毎週、てくてくひめじ界隈で得意な分野を持つ方々にコラムを書いていただくコーナー「かきくけコラム」。
「陽文庫-アキラブンコ」のみずいけさんと、ブックカフェ・トキシラズの山本さんがかわりばんこにつづる、本にまつわるコラム「ブックブック こんにちは」、48回目は陽文庫みずいけさんです。
48のブック
「自由な学校を出て思う事は?〜元デモクラティックスクール生にインタビューしてみた。〜」佐々木桃子・児島げんき
発売: 2020年
著者: 佐々木桃子・児島げんき
出版社: 自費出版
サイズ: 四六判
ページ数: 325ページ
ISBN: -
神崎郡市川町にある『デモクラティックスクールまっくろくろすけ』の元スクール生にインタビューし、著者2人の意見や感想などを交えながら、“デモクラティックスクール”に通っていた人達の学校を出たあとのことをまとめた本です。
デモクラティックスクールとは何か?
本書によると
【デモクラティックスクールもフリースクールの一種ではあるが、一般の“学校”に戻るための不登校支援とは関係はなく、“学校”に戻るための訓練をする場所ではない。デモクラティックスクールは、“学校”と違う教育理念を持ち、独立している。】
とのこと。
長くなりますが、以下はデモクラティックスクールの教育理念です。
(1)自分の好きなことを学ぶ
【子供たちは自分で学び、成長することができると信頼されています。だからそれぞれが興味のあることをしています。子どもたちは「やりたいことをやる」ことで、その時々の最大限の学びを得ています。】(2)カリキュラム&テストなし
【どんな形でも子どもたちがテストなどで評価されたり、大人からアクティビティについて先に提案されたりすることはありません。子どもたちは自分で自分のことを考えることができるからです。】(3)子どもの尊重
【子どもたちは大人から一方的に指示されたり、規制されたりすることはありません。子どもも大人も同じように一人の人間として大事にされています。】(4)ミーティングで話し合って決める
【スクール全体にかかわることはミーティングで話し合います。みんなで決めて納得したルールは守りながら、自由に過ごすことができます。スクールの方針・予算・スケジュール・人事なども、子ども・スタッフ共に一票をもって決定します。スタッフをだれにするか子どもたちが投票をするスクールもあります。】(5)年齢ミックス
【学年・クラス分けはありません。いろんな年の子ども達がいっしょに過ごす中で、互いに教えあったり影響を受けたりしながら、多くのことを学んでいっています。】
*2019年当時は4歳〜18歳までの子ども達が約35名ほどいたとのことです。
この5つの教育理念を聞いただけでも、いわゆる一般の“学校”とは大きく違うことがわかるかと思います。
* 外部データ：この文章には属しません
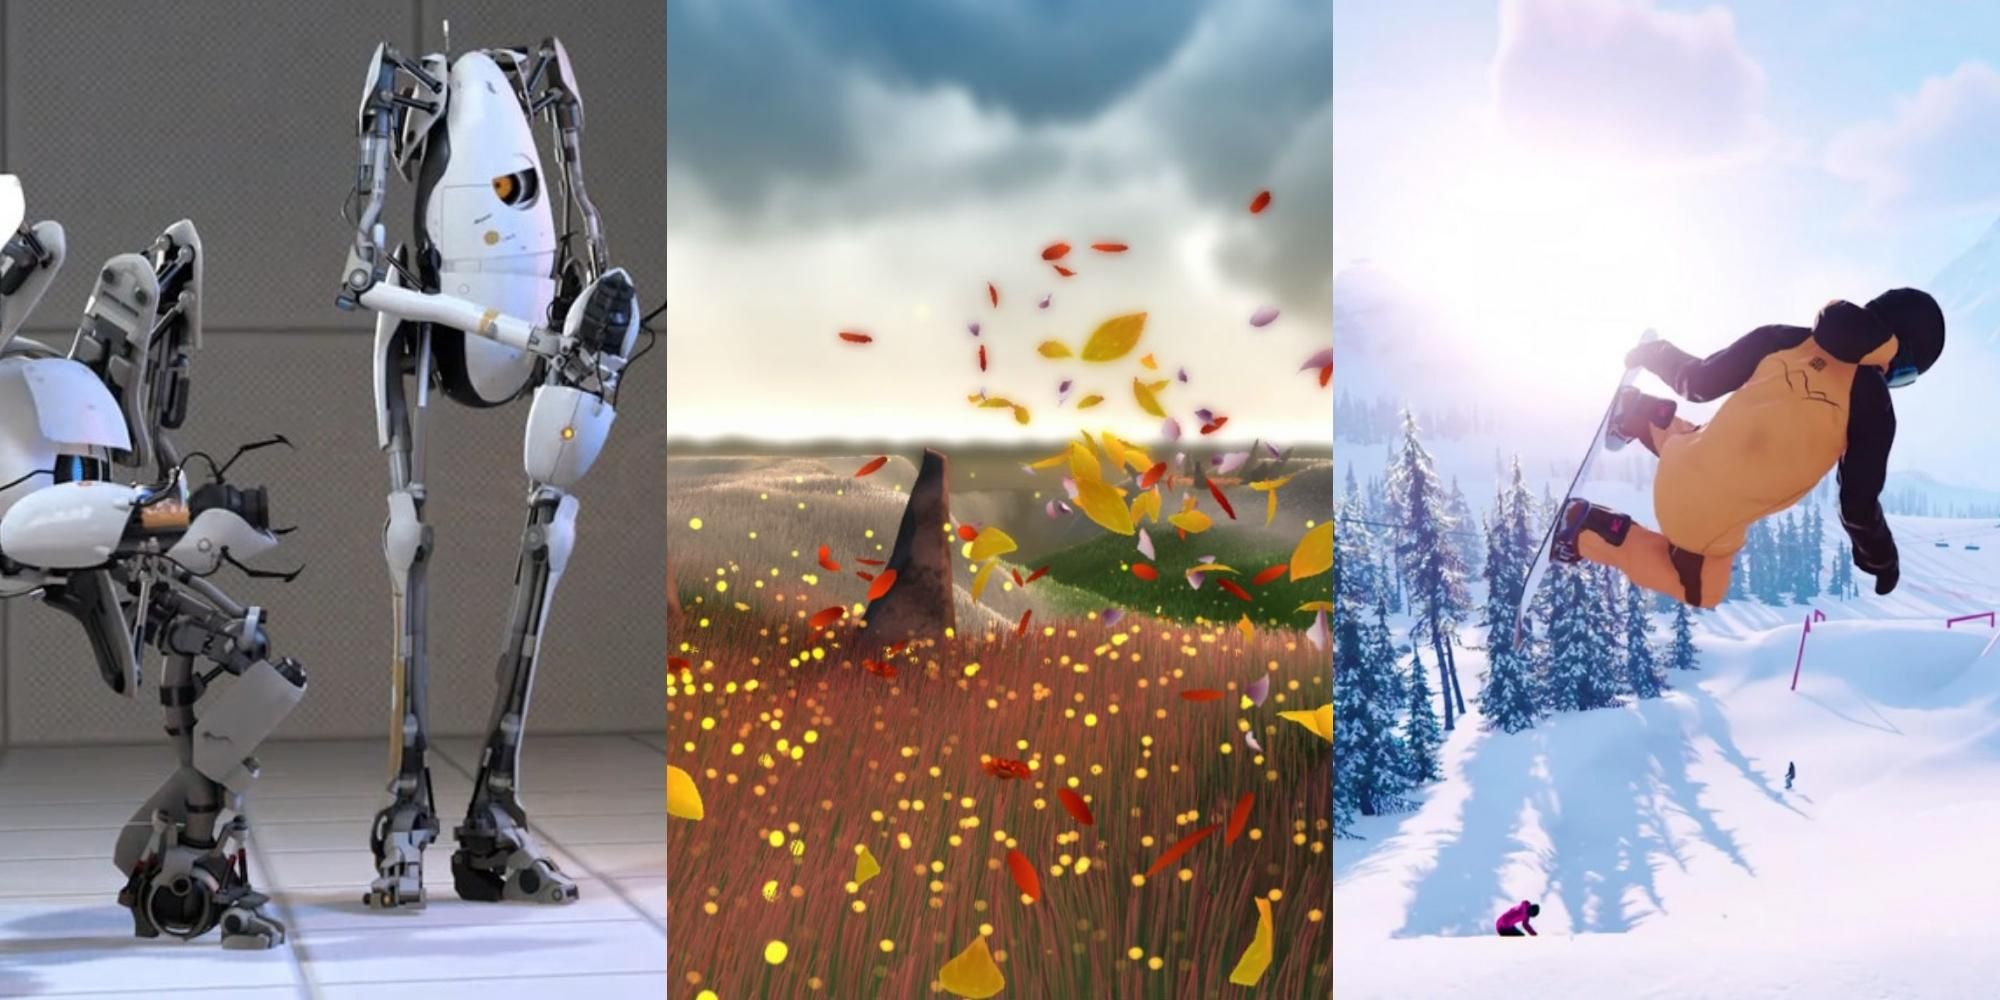 robots in Portal 2, field in Flower, snowboarder in Carve Snowboarding

本書では、自らも元スクール生である佐々木桃子さんと児島げんき君が、
● デモクラティックスクールの教育とは何なのか?
● 社会に出てからどう思って生きているのだろうか?
という2つの質問を軸に、元スクール生にインタビューしていきます。
インタビュイー(インタビューを受ける側)の話の間に入る、桃子さんとげんき君の2人の意見や感想が長く(特にげんき君!)、話が簡単に流れていかなくて(流さなくて?)逆に面白いです。
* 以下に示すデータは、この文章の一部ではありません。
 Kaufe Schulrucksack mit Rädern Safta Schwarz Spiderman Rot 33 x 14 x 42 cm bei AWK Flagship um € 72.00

読んでいくと、一般の“学校”との対比だけではなく、詰まるところ「教育って何?」「そもそも教育の目的は?」「教えて育てる…って、その行き先はどこ?」などという話に行きついてしまいそうになります。
学校の中でのヒエラルキー
この4月に本書の出版記念イベントがあり、その中で著者2人とインタビュイー5人が集まった座談会のようなものがありました。
そのときに「“学校”では体育会系の子で目立つ子とか派手な子が、なんとなくクラスの中でも階層が上で、地味な子は下というヒエラルキーのようなものがあったのですが、まっくろくろすけではそのようなものはありましたか?」という質問をしました。
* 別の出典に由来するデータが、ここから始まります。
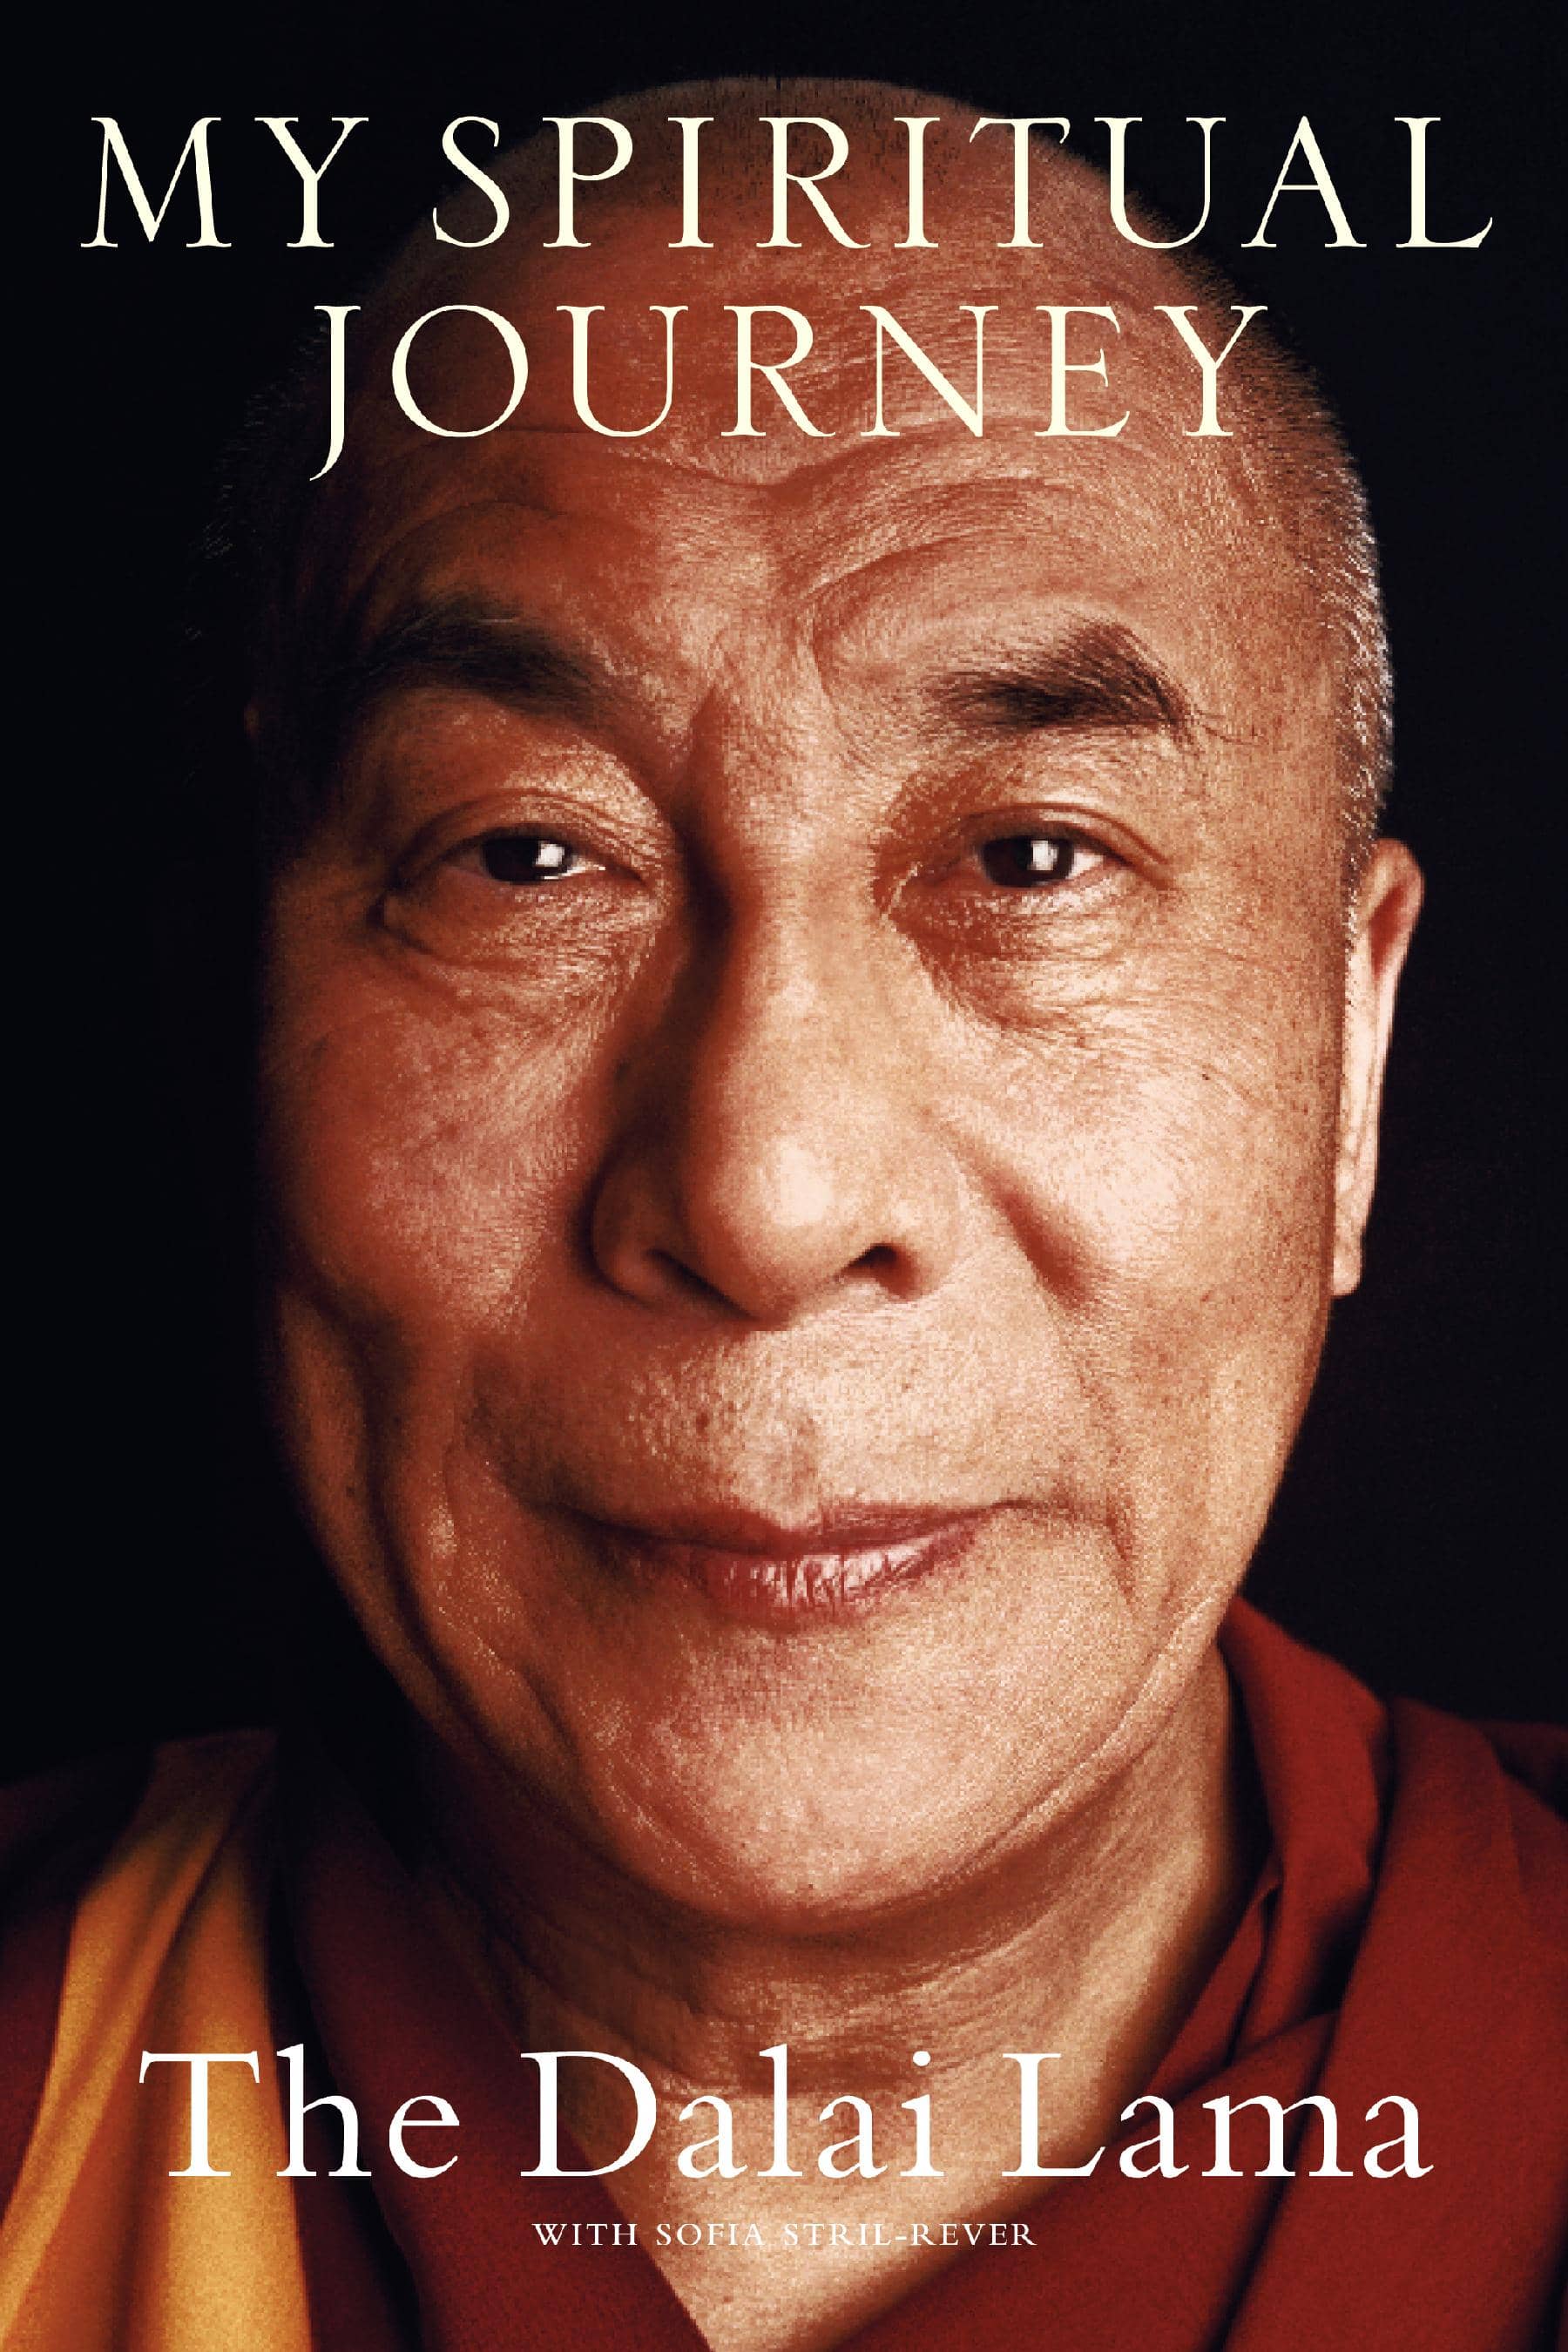 Dalai Lama - Beliefnet.com

回答は「ミーティングのときにまとめ方がうまかったりすると、こいつ凄いなぁって思ったりはする」という感じの答えだったかと思います。なんとなく階層はないというか、物事が縦に並ぶのではなく、横に並ぶ感じがして、それは良いことのような気がしました。
個性を大事に、ということもあるかと思いますが、何が良くて何が悪いかを他人が勝手に簡単に決めないのはいいなぁと。
印象に残った言葉
また、元スクール生で現在は心理カウンセラーをしているTさんの「もっとこう社会が変わってほしいみたいな事ってある?」という質問に対する言葉が印象に残っています。
「それぞれを評価せざるを得ない社会なんだと思うんだけど、それぞれを評価するっていう考え方みたいなのはなくなった方が良いのかなって思う。」
「互いを評価するなんて神様みたいな事は、そもそも人間の生き方として合ってるのかなってたまに思ったりはするけど。」
ある程度決められた物差しで人を測る…それが良いことのように思わない。この言葉を聞いたとき、価値観を根底から揺さぶられるような気がしました。それぞれを評価するということが当たり前ではない社会になったら(そんなことは完全にはならないでしょうが)、社会の向かう先は変わっていくかもしれないなと。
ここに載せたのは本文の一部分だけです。